ロベルト関連の没ネタも置いてあるので、気になる方はそちらもどうぞ。


(R3.6.8追記)活動報告にあった小話は本編中の「閑話」、または「番外編 BonusStage」に引越し済みです。


「君に聞きたいことがあったんだ。どこかの誰かさんに預けた大切な物を、あろうことか私の愚弟が持っていたんだけど」

「…………」


 私は黙秘権を行使した。

 沈黙は金、雄弁は銀である。


 殿下に運動着を返しに行ってみれば、飛んできたのがこの質問――いや、詰問であった。

 殿下の前にある机には、ハンカチに包まれた殿下の御髪があった。


 私は得心する。

 なるほど。噴水の一件は、この仕返しだったのか。


「私の預かり物を包んでいたこのハンカチ……どこかで見た家紋が刺繍されているんだ。さぁ、誰の家だったかな?」

「…………私の家の紋ですね」


 しっかり物証が残っていた。まぁ預けられたのが私である以上犯人は私なのだが。

 観念して答えると、殿下はまたにっこりと笑みを深くして問いかけて来る。


「で? どうしてこれを、我が愚弟が持っていたのかな?」

「……殿下が西の国に行かれて、弟君がたいそう落ち込んでそれはそれは酷い有様でしたので。殿下の覚悟を知って少しでも、託されたものの重さと責任に向き合っていただきたく……」

「咄嗟に考えたにしては出来の良い言い訳だ」

「お褒めに与り光栄です」

「褒めていないよ」

「分かっております」


 もう開き直り始めた私を前に、殿下はこれ見よがしに大きなため息をつく。


「分かってない」

「は?」

「きみは本当に、分かってない。それともわざとやっているの?」

「……時と場合によりますが」


 正直に答えておいた。分かったフリをしていて分かっていない時などザラだし、都合が悪い時にはわざと気づかないフリをしている時もある。

 後者は主にリリア関連だが。


「もういい」


 また殿下が大きなため息をつく。

 わざわざ「私に」と預けたものを他の者に渡していたのだから当然かもしれない。又貸しはよくないというのは幼稚園でも習うことだ。

 手元から離れたことで解放されその後思い出しもしなかったのだが、失策であった。

 殿下が帰ってきたときすぐ回収して、殿下に突き返しておくべきだった。


 過ぎたことを悔やんでも仕方あるまい。また噴水に引っ張り込まれてもかなわないので、ご機嫌取りを開始する。


「ああ、そういえば殿下。

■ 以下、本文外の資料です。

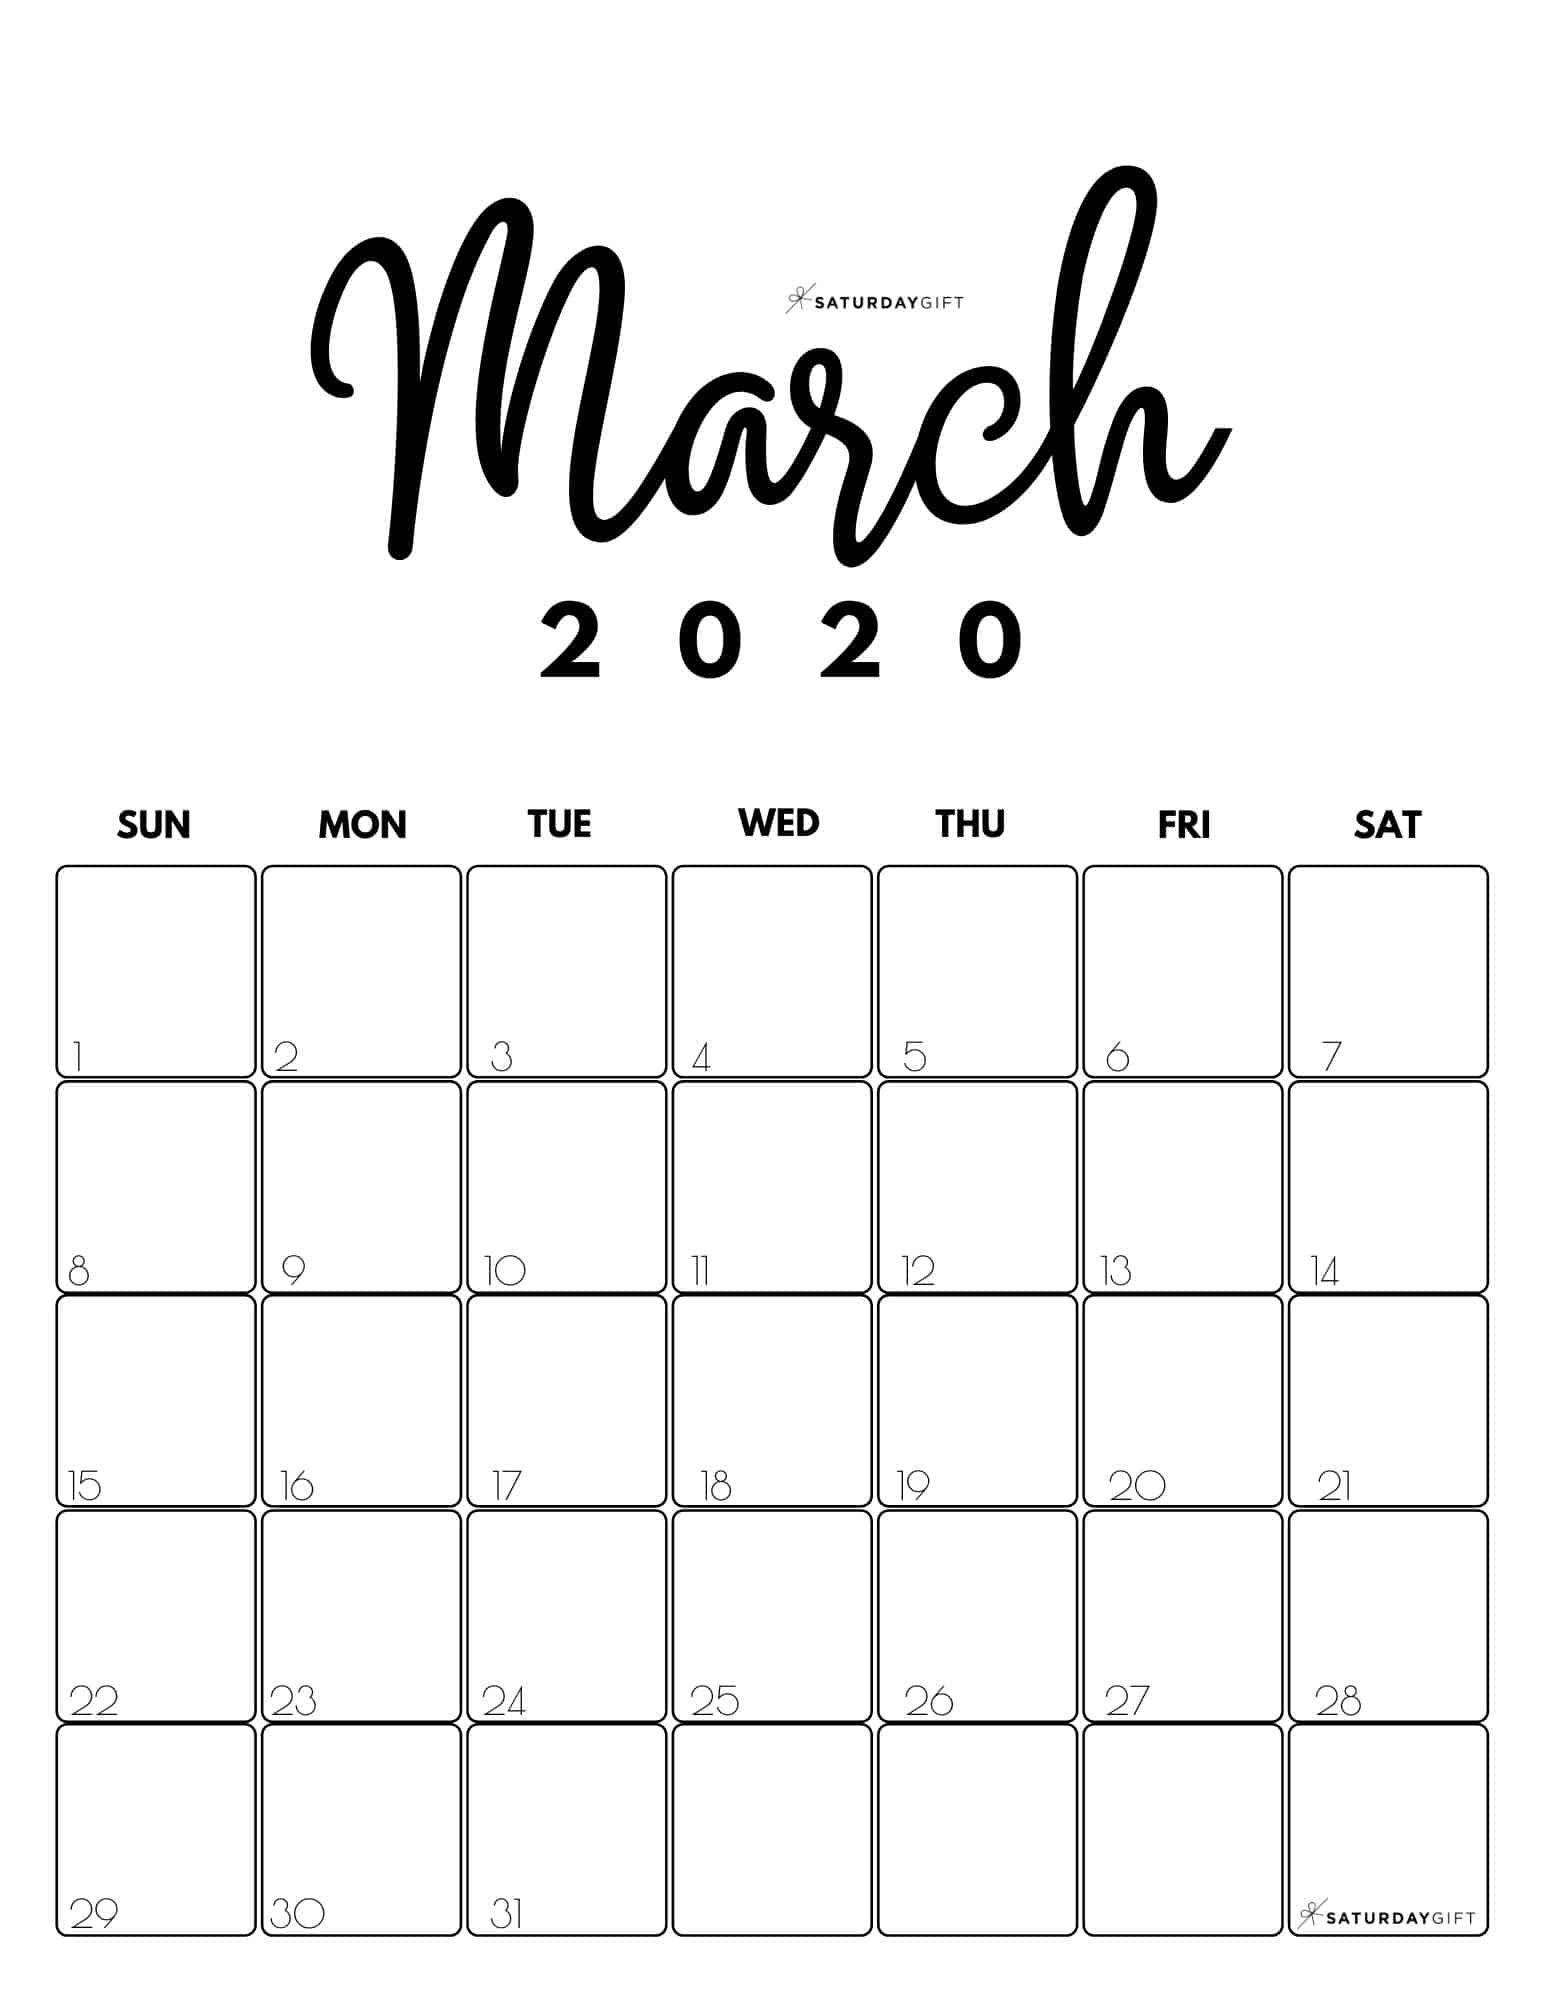 March Blank Calendar 2022.Cute Free Printable March 2022 Calendar Saturdaygift Monthly Calendar Printable Calendar Printables Calendar March

先日の剣術大会では素晴らしい腕前でしたね。お強くなられた」

「話題の変え方が下手なところ、兄妹で似ているね」


 何となくお兄様と仲が良いマウントを取られた気がする。

 どう考えても私の方がお兄様と仲が良いので、意味のないマウントはやめていただきたいところだ。

 あとそんなところが似ていても嬉しくない。


「とても良い試合でした。以前試合を拝見した時もテクニックが素晴らしかったですが、今回は押し引きのタイミングが良かったですね。スタミナ面も改善されていたように思います」

「……きみに褒められると妙な気分だ」

「あとはもう少し筋肉をつければ」

「汗臭いのは苦手なんだ」


 そういえば、前もそんなことを言っていたかもしれない。あれは負け惜しみではなかったのか。


「ですが、学園の授業以上に鍛錬していないとこれほどの成長はないでしょう。まだ訓練場に通い続けていらっしゃるんですか?」

「いや、訓練場は学園に入るときに辞めてしまった」


 殿下の言葉に、私は首を捻る。確かにそういう候補生は多いと聞く。

 ここ数年の我が訓練場は、異例の人数が学園入学後も通い続けているらしいが。


 殿下はちらりと私の表情を窺うと、何となく妙に勿体ぶった様子で話し始める。